You can replace "git config" with "git config --global" to set a default preference for all repositories. You can also pass --rebase, --no-rebase, or --ff-only on the command line to override the configured default per invocation.

Already up to date.

omerwe commented 3 months ago

@heebokp apologies for the bug. I believe I fixed it, please git pull and try again (the first command you ran is fine). Also, apologies that I have limited bandwidth to test my solutions in depth. Please let me know how it goes and I'll quickly fix whatever problems you run into.

heebokp commented 3 months ago

Please don't feel sorry about the bug! I completely understand that these things occasionally occur. I sincerely appreciate you putting in the effort to get it fixed.

As a step forward to get it fixed, I would like to report the current status regarding "--num-chr 1-18"

As you suggested, we first tried git pull as follows: ########################################### [....]# git pull warning: Pulling without specifying how to reconcile divergent branches is discouraged. You can squelch this message by running one of the following commands sometime before your next pull:

git config pull.rebase false # merge (the default strategy) git config pull.rebase true # rebase git config pull.ff only # fast-forward only

You can replace "git config" with "git config --global" to set a default preference for all repositories. You can also pass --rebase, --no-rebase, or --ff-only on the command line to override the configured default per invocation.

remote: Enumerating objects: 9, done. remote: Counting objects: 100% (9/9), done. remote: Compressing objects: 100% (1/1), done. remote: Total 5 (delta 4), reused 5 (delta 4), pack-reused 0 Unpacking objects: 100% (5/5), 529 bytes | 529.00 KiB/s, done.

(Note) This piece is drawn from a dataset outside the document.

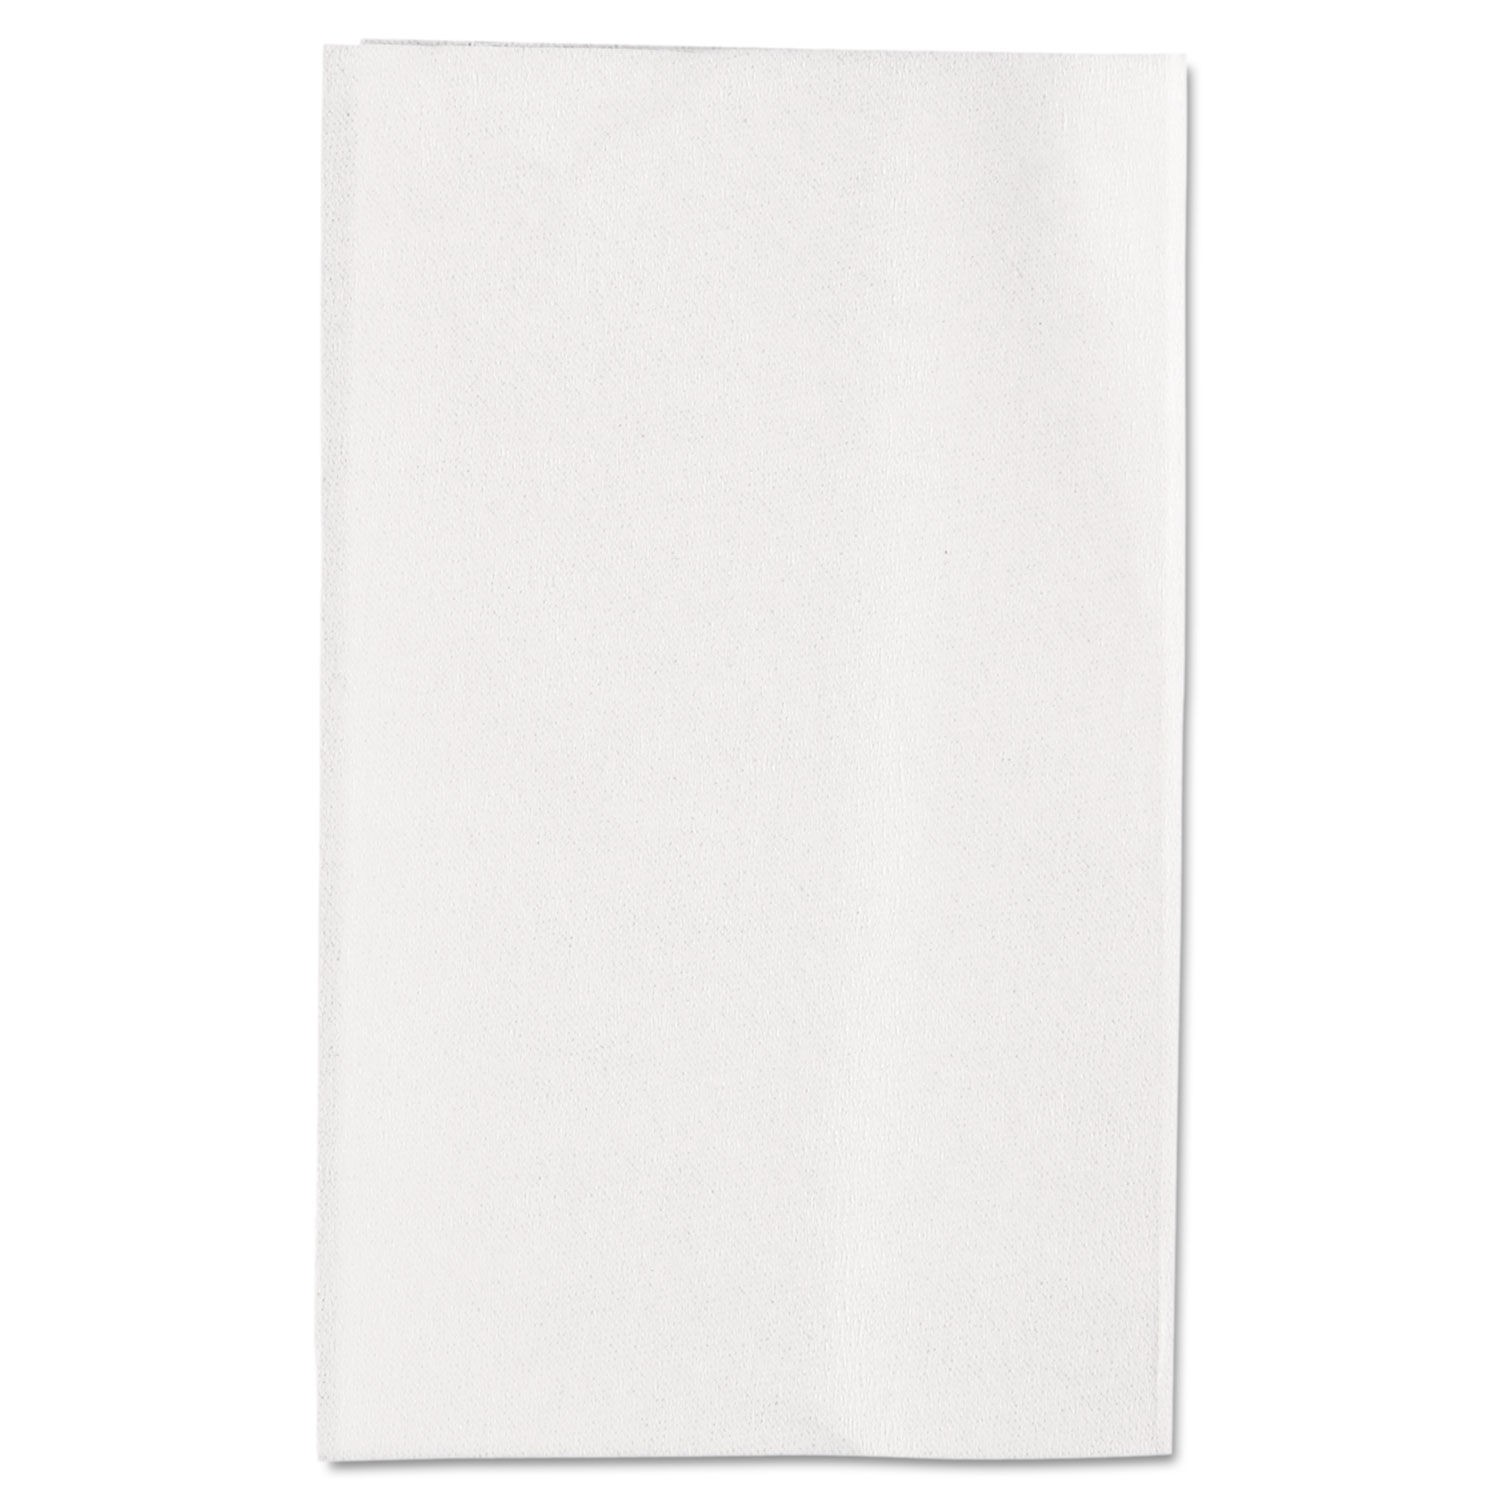 Singlefold Interfolded 1-Ply Bathroom Tissue, White, 400 Sheets/Pack, 60 Packs/Carton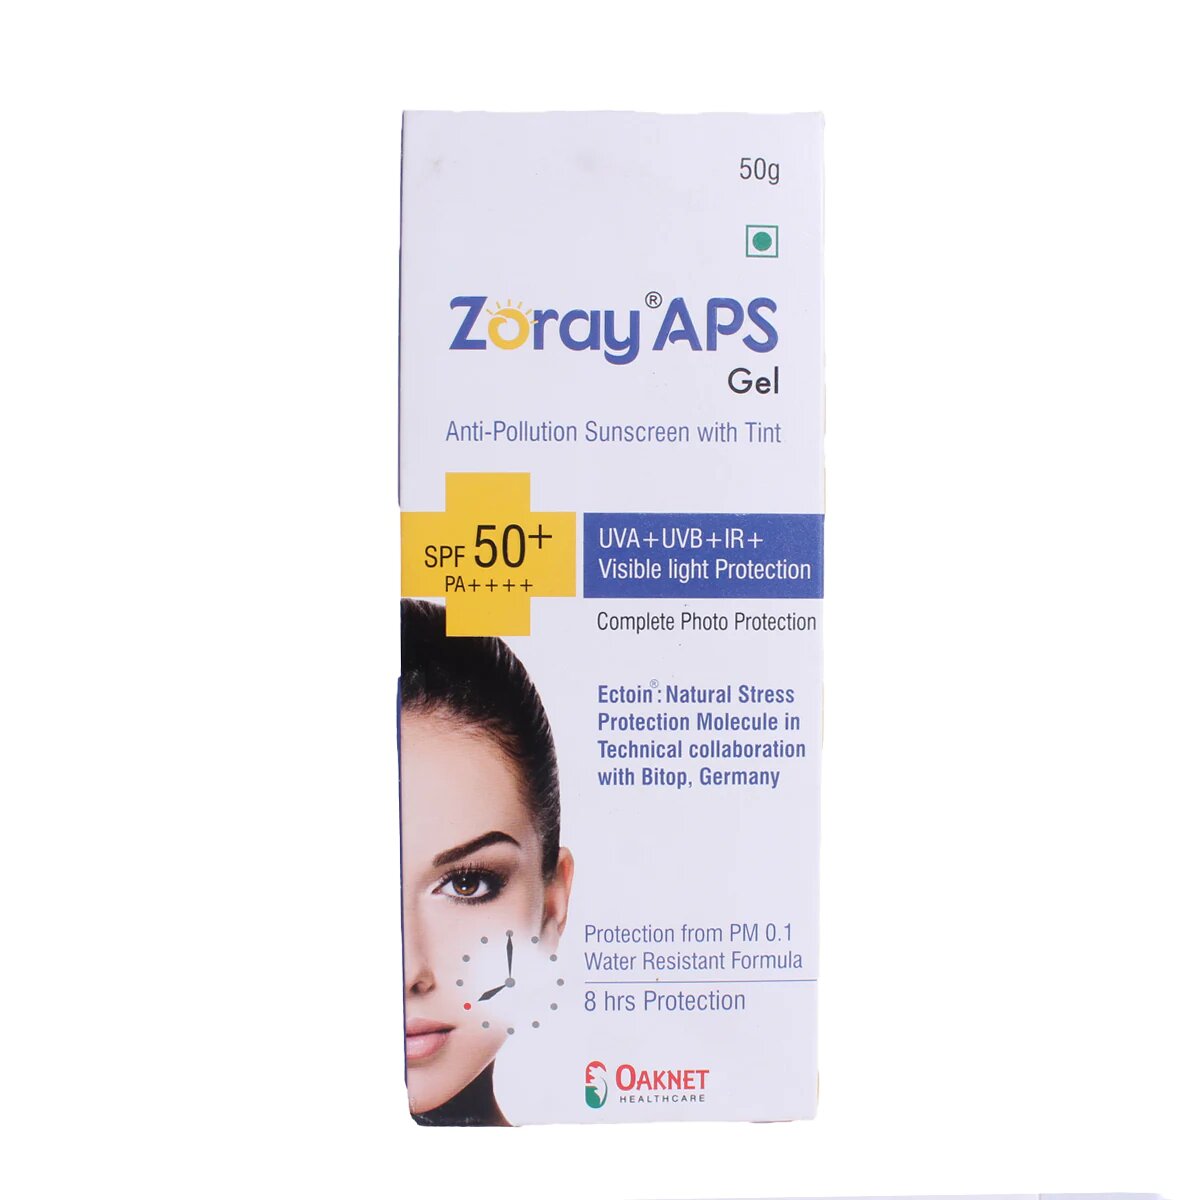 Zoray APS Gel Sunscreen SPF 50+ by oaknet

From https://github.com/omerwe/polyfun af252e4..05fcd49 master -> origin/master Updating af252e4..05fcd49 Fast-forward ldsc.py | 3 +++ ldsc_polyfun/sumstats.py | 1 + 2 files changed, 4 insertions(+)

However, we still got the messages as follows:

[INFO] Reading reference panel LD Score from annotations.[1-22] ... 82%|==============================================▎ | 18/22 [00:19<00:04, 1.08s/it]

FileNotFoundError: [Errno 2] No such file or directory: 'annotations.19.l2.ldscore.parquet'

###########################################

In this step, we would like to obtain "snpvar" results using "polyfun.py" for the nest step. However, if we take a look at the message below, it seems that polyfun.py could be still needed to be updatated.

++++++++++++++++++++++++++++++++ From https://github.com/omerwe/polyfun af252e4..05fcd49 master -> origin/master Updating af252e4..05fcd49 Fast-forward ldsc.py | 3 +++ ldsc_polyfun/sumstats.py | 1 + 2 files changed, 4 insertions(+) ++++++++++++++++++++++++++++++++

omerwe commented 3 months ago

My apologies I made a stupid mistake, please git pull and retry again?

omerwe commented 2 months ago

@heebokp can I close the issue?

heebokp commented 2 months ago

@omerwe, I should have reported the progress on the --num-chr earlier. I am so sorry for the late. Actually, thanks to your kind considerations, we could finally get the expected PolyFUN output using our pig genome data. By the way, I would like to report one thing. When we did finemap using FINEMAP/SUSIE stand alone, we did not need to do LD pruning but PolyFUN did not work using data without LD pruning. However, after the LD pruning, PolyFUN worked at last! Thanks so much for all your efforts!!

omerwe commented 2 months ago

@heebokp great to hear it works. What problem did you run into before LD pruning? I should warn that LD-pruning is inherently problematic for fine-mapping, because you might remove the causal SNP that you're searching for.